Lincoln was assassinated by John Wilkes Booth, a known Confederate sympathizer and supporter of slavery, who detested Lincoln’s role in the Civil War and the end of slavery in the U.S. Booth felt Lincoln did so to carry out a plot to strip Southerners of their right to own slaves, assassinate federal political leaders and maintain control of the Confederacy and its slave system, said Alan Lichtman, distinguished professor of history at American University.
Lee Harvey Oswald was killed shortly after assassinating John F. Kennedy, but before authorities could determine his exact motives. Historians, including Lichtman, speculate that Oswald’s “Communist sympathies” and “connections to Cuba and the Soviet Union” may have had something to do with it, but the truth will never be known. A few months before Kennedy’s assassination, Oswald attempted, unsuccessfully, to assassinate former General Edwin Walker, a conservative independent candidate.

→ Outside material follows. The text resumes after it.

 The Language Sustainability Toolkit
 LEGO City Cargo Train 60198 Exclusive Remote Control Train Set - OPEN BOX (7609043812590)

The man who shot King Jr. was James Earl Ray, a habitual criminal who had previously praised Hitler and volunteered for a racist presidential campaign. For these reasons, Ray’s motives were presumed to be racial. “It’s clear that he was motivated by racism,” said Keith Miller, professor emeritus at Arizona State University who studies the civil rights movement. Ray pleaded guilty to murder on March 10, 1969, but claimed innocence a few days later, and King’s family began to suspect that the FBI may have been involved shortly after the assassination.
Thomas Hagan assassinated Malcolm X because of his Muslim faith. He was upset that Malcolm X had publicly criticized the Nation of Islam. “Malcolm expected to be assassinated after he broke with the Nation of Islam,” Miller said.
John Schrank, who attempted to assassinate Roosevelt in 1912, was, according to Lichtman, “a very ardent Progressive Republican” and mentally unstable. Schrank shot Roosevelt as he was preparing a campaign speech, but a folded copy of the speech in his coat slowed the bullet’s velocity. Roosevelt continued speaking for an hour. According to the Theodore Roosevelt Center, a letter found in Schrank’s possessions after he shot Roosevelt stated that he had two motives: his opposition to Roosevelt’s third term, and a dream in which former President William McKinley blamed Roosevelt for his death and encouraged him to take revenge on Schrank.
President Reagan was shot by John Hinckley Jr. for reasons unrelated to politics. Years after the incident, Hinckley Jr. admitted to investigators that he shot Reagan to impress actress Jodie Foster, with whom he was infatuated. “He does not appear to have any direct ties to any political movement or political motives,” Lichtman said.
Much remains unknown about the man who attempted to assassinate Trump, but state public voting records show he was a registered Republican. The FBI said Sunday that the case is still under investigation and that “the investigation to date has determined that[ing] The perpetrator acted alone.”